I was hooked. It was like a guy sharing his drugs with you and getting you hooked, but it was boating. We spent at least 18 hours on the water in the two days. I was also greatly relieved that I loved his favorite pastime as much as he did. It was magical as we shared one more love but this one was huge. Our other shared loves were music, basketball, and tennis. Boating was making my perfect world with him even more perfect. :dance:

After we married and I moved there, we boated every possible chance and ultimately bought a house on the water so our boat was in our back yard. I learned to appreciate boating in so many ways. It was a freedom as the wind in your face, blowing your hair, and the water surrounding you. It was also such wonderful relaxation. That summer I wasn't working and hadn't started college yet, but I saw it's affect on him.

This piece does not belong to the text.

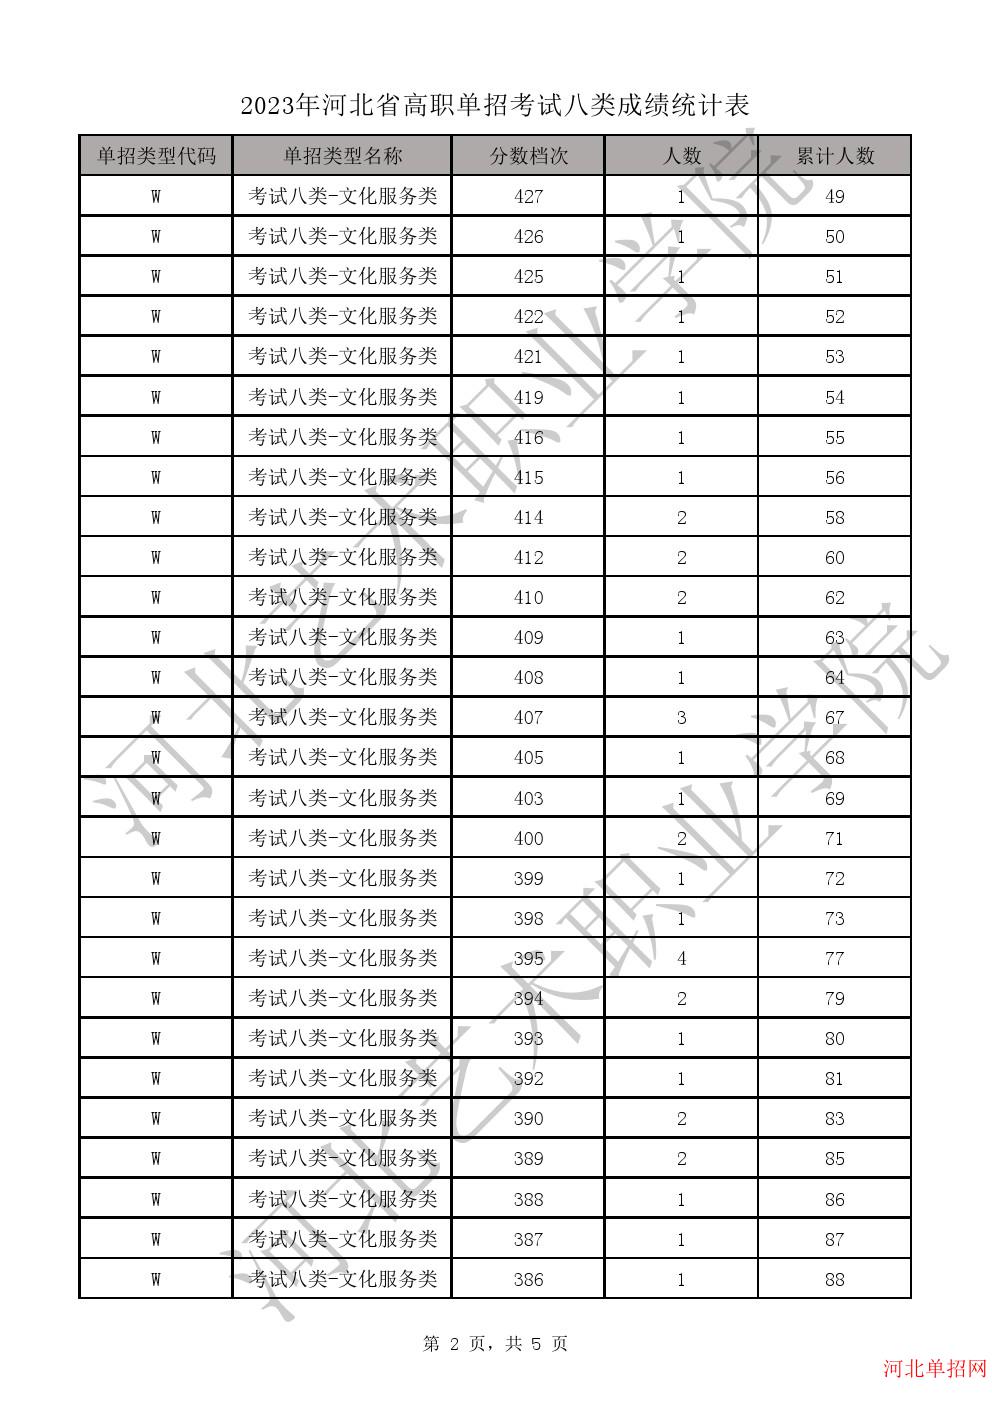 2023年河北省高职单招考试八类成绩统计表-W文化服务类一分一档表 图2

He'd come home after a tough day and we'd get out on the lake and I could see it's effect. I'd really come to appreciate that as I did college and grad school and then taught. I remember one day when he got home around 6:00 o'clock and I kissed him and said "Boat." He looked at me and said, "Tough day?" and I nodded yes. Talking about my day could wait until we got back home later. It was as if there was some rule on the boat that we couldn't carry our stress with us. :D

I'm amazed how many of you had boats in your childhood lives. I'm sure some of you never appreciated how fortunate you were, even with the 6' canoes. I'd gone 21 years having no idea what I was missing but now can't even imagine not having a boat or boats or more boats....oh god, I'm so spoiled. I've known poverty and I've known being spoiled and I'll take spoiled. :lol:
 
from syjos : re: the El Toro.
I had forgotten about this! Another friend had an El Toro sail boat. We used to "cruise" Lake Vasona in Los Gatos Ca. One of the first times I got to steer it we sank! Great fun.
I remember getting whacked in the head more than a few times coming about.

I saw an El Toro recently. Could'nt believe how tiny it was. I must have been small at 13.

I also recall getting hit on the noggin a few times.
 
My first boat was a small boat i built somewhat like the old mahogany Chris craft. It was 8ft long and i installed a 30hp evenrude in the front 1/3 of the boat. I cut off the housing on the shaft so the outboard was about 2ft high. I then ran a 5/8 shaft through the bottom. The rudder and shaft was on pillow blocks on the stern. The exhaust was a tube with the muffler under a bench seat that held two people. I had to build a steel fin off the bottom to get the boat to turn. We could pull a water skier and the little boat would do 40mph.
I gave the boat to my little brother 30 years ago and its still in his garage.
To shift i made a linkage to connect to the original shift shaft and had a throttle pedal. The flywheel is all that stood above bow to start it.
Fun to be young with access to tools.

The only negative was it was the old mans outboard i cut in half. I really thought he didn't want it anymore but that was not the case.